INFORMATION SHOWN: Begin

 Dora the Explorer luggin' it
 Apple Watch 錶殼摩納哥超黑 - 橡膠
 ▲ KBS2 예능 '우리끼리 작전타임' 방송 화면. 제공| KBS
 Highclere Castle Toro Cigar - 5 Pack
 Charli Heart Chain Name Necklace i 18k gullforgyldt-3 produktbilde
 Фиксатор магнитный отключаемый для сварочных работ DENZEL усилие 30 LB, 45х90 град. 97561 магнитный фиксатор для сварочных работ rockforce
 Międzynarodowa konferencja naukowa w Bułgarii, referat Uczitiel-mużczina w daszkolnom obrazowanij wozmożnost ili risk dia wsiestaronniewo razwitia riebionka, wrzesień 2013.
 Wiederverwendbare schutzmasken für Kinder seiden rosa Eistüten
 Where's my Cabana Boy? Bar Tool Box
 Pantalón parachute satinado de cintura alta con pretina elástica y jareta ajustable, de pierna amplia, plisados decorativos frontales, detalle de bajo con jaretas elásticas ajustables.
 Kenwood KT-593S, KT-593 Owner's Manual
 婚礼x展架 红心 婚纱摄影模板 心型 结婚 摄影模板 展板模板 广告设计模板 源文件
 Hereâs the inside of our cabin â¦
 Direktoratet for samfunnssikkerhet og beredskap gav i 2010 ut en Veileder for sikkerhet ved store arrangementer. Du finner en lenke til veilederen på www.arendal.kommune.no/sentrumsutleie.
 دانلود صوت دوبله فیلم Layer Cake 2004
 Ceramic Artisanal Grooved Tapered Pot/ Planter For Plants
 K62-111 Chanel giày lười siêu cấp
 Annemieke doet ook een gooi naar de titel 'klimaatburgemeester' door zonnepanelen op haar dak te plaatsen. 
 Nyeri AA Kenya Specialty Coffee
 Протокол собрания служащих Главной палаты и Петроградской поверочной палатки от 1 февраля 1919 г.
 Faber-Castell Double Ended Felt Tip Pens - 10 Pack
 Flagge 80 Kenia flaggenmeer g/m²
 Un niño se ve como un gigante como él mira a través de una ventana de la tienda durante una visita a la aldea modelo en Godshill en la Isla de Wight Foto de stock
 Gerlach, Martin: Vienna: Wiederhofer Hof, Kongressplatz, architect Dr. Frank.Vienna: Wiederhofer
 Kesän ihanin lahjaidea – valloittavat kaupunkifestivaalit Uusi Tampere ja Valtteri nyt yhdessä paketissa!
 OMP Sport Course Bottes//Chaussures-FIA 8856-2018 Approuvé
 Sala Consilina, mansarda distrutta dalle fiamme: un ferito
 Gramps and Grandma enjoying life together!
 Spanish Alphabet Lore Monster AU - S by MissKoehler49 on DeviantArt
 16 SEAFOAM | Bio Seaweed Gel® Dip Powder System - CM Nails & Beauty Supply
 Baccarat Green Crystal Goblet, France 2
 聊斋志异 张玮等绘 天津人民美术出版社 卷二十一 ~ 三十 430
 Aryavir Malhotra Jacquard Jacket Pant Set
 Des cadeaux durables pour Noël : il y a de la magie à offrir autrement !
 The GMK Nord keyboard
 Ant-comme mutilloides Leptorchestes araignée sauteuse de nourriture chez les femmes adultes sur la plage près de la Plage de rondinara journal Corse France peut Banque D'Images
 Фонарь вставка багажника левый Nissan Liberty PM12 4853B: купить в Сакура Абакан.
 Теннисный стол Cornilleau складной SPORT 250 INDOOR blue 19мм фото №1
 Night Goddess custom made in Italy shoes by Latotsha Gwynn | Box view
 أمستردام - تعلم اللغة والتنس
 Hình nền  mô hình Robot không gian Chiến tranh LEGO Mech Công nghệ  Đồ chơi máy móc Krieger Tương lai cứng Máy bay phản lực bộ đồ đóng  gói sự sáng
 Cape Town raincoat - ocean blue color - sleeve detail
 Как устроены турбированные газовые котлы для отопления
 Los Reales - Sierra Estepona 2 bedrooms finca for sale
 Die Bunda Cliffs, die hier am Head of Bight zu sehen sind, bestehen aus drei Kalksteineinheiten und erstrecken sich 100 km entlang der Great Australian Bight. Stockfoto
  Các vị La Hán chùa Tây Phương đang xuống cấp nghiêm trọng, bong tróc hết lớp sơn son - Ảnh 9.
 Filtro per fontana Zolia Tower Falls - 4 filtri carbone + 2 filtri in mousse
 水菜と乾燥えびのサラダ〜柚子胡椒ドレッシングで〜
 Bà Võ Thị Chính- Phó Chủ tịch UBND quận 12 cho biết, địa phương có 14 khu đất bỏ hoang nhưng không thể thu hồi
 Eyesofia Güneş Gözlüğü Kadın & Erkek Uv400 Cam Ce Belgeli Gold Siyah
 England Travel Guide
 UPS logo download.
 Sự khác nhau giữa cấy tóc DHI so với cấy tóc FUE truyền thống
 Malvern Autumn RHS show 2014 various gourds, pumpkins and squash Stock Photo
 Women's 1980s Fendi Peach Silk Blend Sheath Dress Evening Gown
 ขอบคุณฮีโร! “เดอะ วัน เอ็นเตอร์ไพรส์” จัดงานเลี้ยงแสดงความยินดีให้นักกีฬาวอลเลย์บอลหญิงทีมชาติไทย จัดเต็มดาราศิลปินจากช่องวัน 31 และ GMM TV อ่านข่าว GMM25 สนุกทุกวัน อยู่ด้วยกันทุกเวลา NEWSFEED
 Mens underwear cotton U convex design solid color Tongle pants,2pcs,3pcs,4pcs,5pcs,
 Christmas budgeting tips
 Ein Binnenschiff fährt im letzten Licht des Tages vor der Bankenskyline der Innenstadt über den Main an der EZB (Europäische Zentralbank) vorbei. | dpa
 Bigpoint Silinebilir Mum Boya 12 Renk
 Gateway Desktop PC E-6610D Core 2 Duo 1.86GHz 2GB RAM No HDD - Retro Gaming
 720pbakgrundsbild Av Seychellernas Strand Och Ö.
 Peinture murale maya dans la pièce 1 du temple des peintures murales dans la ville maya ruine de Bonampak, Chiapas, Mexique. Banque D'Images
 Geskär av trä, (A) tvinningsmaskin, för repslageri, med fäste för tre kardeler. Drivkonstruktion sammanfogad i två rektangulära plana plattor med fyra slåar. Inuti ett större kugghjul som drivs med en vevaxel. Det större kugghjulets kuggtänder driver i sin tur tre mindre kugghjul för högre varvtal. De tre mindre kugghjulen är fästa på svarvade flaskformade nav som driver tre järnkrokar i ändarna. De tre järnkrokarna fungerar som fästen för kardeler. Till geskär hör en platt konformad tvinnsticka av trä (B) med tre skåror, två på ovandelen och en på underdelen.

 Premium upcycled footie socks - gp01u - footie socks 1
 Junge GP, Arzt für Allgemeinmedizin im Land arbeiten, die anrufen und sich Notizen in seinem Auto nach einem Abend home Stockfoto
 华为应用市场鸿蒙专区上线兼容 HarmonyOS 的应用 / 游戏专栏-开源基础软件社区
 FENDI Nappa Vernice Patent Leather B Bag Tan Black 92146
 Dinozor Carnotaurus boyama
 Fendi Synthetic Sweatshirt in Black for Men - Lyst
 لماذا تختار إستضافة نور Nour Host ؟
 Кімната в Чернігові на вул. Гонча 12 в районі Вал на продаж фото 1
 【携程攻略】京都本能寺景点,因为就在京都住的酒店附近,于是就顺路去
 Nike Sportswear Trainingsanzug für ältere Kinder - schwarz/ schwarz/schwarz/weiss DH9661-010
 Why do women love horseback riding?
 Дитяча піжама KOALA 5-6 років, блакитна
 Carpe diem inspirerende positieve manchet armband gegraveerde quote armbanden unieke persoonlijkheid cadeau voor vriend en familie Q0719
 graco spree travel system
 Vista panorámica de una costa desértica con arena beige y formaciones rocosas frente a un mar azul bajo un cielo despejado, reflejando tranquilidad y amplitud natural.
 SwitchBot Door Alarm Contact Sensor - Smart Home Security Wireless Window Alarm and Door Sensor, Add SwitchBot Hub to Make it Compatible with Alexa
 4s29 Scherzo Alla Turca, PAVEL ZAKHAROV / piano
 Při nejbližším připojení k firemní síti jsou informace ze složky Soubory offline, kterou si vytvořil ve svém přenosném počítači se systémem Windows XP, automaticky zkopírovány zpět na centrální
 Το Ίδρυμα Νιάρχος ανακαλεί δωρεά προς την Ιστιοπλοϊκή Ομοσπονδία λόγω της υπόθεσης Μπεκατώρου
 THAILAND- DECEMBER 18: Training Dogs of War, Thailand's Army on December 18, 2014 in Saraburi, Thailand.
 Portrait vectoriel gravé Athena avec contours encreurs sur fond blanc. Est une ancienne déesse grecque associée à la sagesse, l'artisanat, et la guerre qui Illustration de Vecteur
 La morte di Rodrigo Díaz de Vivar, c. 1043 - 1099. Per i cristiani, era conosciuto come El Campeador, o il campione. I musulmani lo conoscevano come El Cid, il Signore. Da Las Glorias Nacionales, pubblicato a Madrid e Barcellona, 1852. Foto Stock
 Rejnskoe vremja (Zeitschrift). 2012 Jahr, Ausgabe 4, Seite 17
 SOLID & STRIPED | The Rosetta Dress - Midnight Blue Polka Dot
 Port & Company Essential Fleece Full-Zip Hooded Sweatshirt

INFORMATION SHOWN: End

Each line from the top of the listing down to and including the one containing "Międzynarodowa konferencja naukowa" should be transcribed exactly; nothing else is to be output.

 Dora the Explorer luggin' it
 Apple Watch 錶殼摩納哥超黑 - 橡膠
 ▲ KBS2 예능 '우리끼리 작전타임' 방송 화면. 제공| KBS
 Highclere Castle Toro Cigar - 5 Pack
 Charli Heart Chain Name Necklace i 18k gullforgyldt-3 produktbilde
 Фиксатор магнитный отключаемый для сварочных работ DENZEL усилие 30 LB, 45х90 град. 97561 магнитный фиксатор для сварочных работ rockforce
 Międzynarodowa konferencja naukowa w Bułgarii, referat Uczitiel-mużczina w daszkolnom obrazowanij wozmożnost ili risk dia wsiestaronniewo razwitia riebionka, wrzesień 2013.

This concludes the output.